Goal of the exercise:
When the line containing "Puzzle En Ligne" appears in the entries below, begin printing there and stop after the line containing "19mm x 22mm"; print each of those lines exactly and no other line.

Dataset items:
>>

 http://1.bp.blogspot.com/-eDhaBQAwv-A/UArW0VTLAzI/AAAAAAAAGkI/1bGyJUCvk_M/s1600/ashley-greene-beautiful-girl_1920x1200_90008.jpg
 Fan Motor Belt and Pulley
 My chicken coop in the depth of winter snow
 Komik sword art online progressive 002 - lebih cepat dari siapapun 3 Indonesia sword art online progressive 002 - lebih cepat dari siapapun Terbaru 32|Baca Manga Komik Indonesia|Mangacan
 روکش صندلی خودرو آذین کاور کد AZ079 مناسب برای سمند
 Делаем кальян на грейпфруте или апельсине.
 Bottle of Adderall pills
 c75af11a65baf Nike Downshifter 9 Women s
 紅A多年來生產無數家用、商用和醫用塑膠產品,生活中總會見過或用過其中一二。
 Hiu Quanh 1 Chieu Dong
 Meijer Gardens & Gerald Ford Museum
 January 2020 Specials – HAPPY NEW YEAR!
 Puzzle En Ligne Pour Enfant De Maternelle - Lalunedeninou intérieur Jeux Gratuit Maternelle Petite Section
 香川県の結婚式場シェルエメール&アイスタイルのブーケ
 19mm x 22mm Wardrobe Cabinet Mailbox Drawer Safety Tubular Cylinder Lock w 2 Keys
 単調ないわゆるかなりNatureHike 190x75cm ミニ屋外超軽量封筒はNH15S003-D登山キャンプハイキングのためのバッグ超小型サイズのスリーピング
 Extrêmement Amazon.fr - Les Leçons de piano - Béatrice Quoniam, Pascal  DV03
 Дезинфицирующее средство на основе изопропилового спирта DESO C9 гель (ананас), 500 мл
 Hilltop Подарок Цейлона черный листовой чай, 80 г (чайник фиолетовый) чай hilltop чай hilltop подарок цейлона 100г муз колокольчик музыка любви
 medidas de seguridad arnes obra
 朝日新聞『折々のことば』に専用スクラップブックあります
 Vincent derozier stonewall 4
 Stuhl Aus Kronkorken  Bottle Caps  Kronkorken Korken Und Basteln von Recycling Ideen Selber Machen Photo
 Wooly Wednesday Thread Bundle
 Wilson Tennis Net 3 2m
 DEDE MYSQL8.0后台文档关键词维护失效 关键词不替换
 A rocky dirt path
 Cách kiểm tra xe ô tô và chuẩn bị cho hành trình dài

<<

Solved problem:
 Puzzle En Ligne Pour Enfant De Maternelle - Lalunedeninou intérieur Jeux Gratuit Maternelle Petite Section
 香川県の結婚式場シェルエメール&アイスタイルのブーケ
 19mm x 22mm Wardrobe Cabinet Mailbox Drawer Safety Tubular Cylinder Lock w 2 Keys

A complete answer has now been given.